И мадемуазель Ланден поспешила вернуть консьержку, решив новым доверительным сообщением сгладить дурное впечатление, которое могли произвести ее слова на эту женщину, смиренную, подобострастную, но втайне, может быть, и недоброжелательную особу.
— Я, знаете ли, мадам Жозеф, о своем брате готова хоть до самого утра говорить. Ведь это какой человек? О себе нисколько и не думает, все для других, все для других. Когда он жил в бедности, за гроши гнул горб ради этих бессовестных Револю, он в ту пору готов был для них наизнанку вывернуться. А представьте себе, сколько он может сделать добра людям теперь, когда у него денег куры не клюют!
— Денег куры не клюют! — Консьержка всплеснула руками. — Вот счастливец! Везет же некоторым людям. Право, счастливец!
— Он, дорогая моя, очень уж чувствительный, где же тут быть счастливцем! Постоянно его огорчают. Он не может переносить нехороших поступков, у него за все душа болит.

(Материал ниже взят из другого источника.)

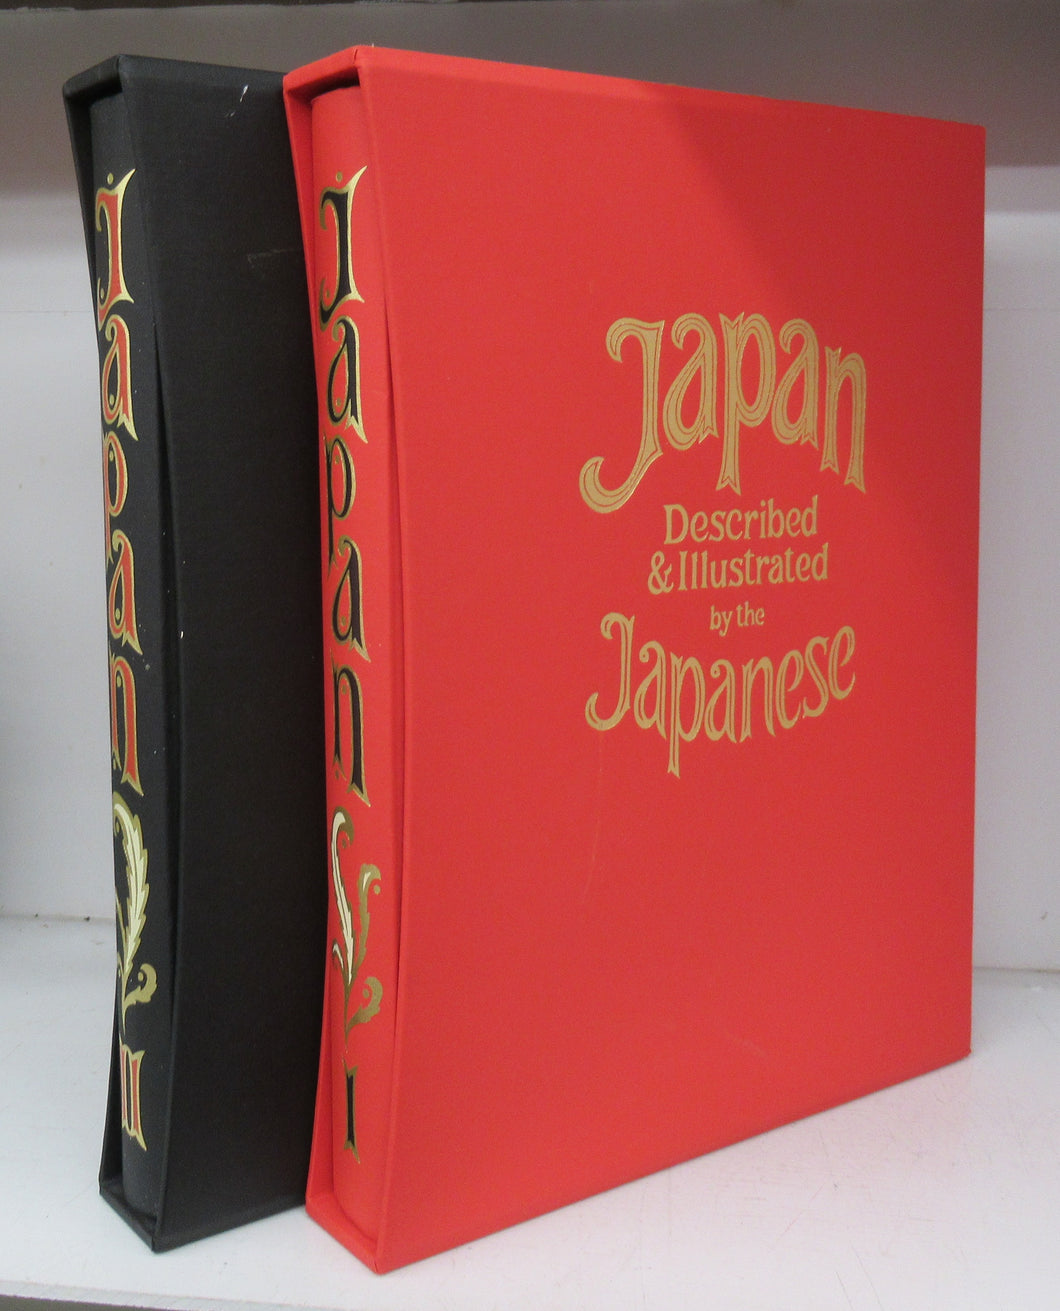 Japan Described and Illustrated by the Japanese. Written by Eminent Japanese Authorities and Scholars

Слишком в нем много благородства, не может он мириться с тем, что в жизни столько творится безобразия, и потому беспрестанно страдает. Истинная правда! Я бывало спрошу: «Луи, все у тебя есть, что душе угодно. Почему же ты такой печальный?» А он отвечает: «Фелиция, удел людской — одиночество. Испокон веков одинок человек!» И ведь это правда, мадам Жозеф, но видят ее лишь избранные души.

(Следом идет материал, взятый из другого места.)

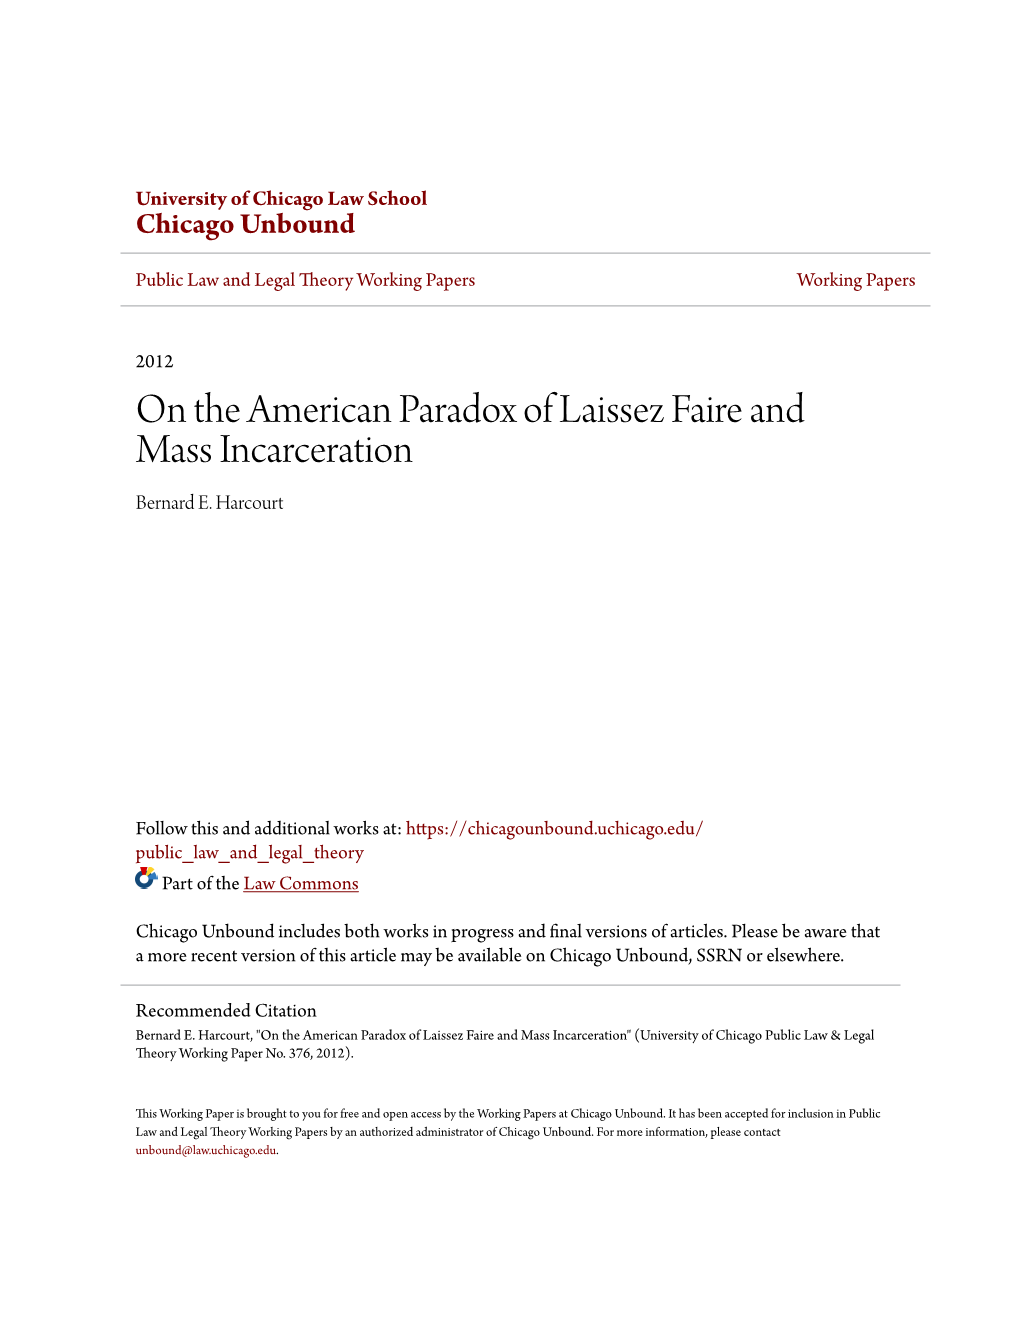 On the American Paradox of Laissez Faire and Mass Incarceration Bernard E

— А я так думаю, — сказала консьержка. — Незачем быть очень уж хорошим. Ну что бы мсье Ландену хоть разок в месяц кутнуть как следует для прочистки души и тела…
— Позвольте вам сказать, дорогая, это все очень тонко… вам не понять!..

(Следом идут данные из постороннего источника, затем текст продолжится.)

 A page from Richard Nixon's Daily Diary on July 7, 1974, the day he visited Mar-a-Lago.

— А что ж, ваш брат святой, что ли?
Мадемуазель Ланден ответила, что, конечно, ее брат не святой, есть и у него маленькие слабости. И тут сорочьи глаза консьержки загорелись любопытством. Она уже раздумала уходить, заинтересовавшись, какие же могут быть слабости у такого добродетельного человека.
— А ну-ка, ну-ка, — приставала она, — скажите, мадемуазель Ланден, какие за ним водятся грешки. Хоть один опишите. А-а, вам неловко!
— Да нет, пожалуйста. Как покопаешься, найдутся. Ну, вот, например, случается — правда, очень, очень редко, — случается, что он, как ему кажется, поступает по справедливости, по совести, а на самом-то деле — из мести, по злопамятству… Взять хотя бы такое дело… Вы про Регину Лорати слыхали? Ну, та самая… балерина из оперного театра, из-за которой Оскар Револю разорился. Как с ним стряслась беда, Регина удрала в Париж со старшим сыночком мадам Костадо… Так вы подумайте только, что ей подстроил мой брат! Взял да и напустил на нее все газеты мсье Салема. Они и давай ее травить. Что ж получилось? Из Комической оперы ее выставили, из Олимпии ее выставили… Я говорю брату: «Послушай, Луи, ты не ради справедливости так поступаешь. Хоть твой хозяин и умер, а как будто ничего и не переменилось, ты ему по-прежнему подчиняешься, и это он заставляет тебя мстить за него». А он и слушать меня не стал. Конечно, отчасти он так поступил из добрых чувств, если только можно назвать добрым чувством, что он чтит память своего эксплуататора. Я потому и рассказала вам эту историю, чтобы вы убедились, что у моего брата есть свои недостатки, а все-таки он замечательный человек.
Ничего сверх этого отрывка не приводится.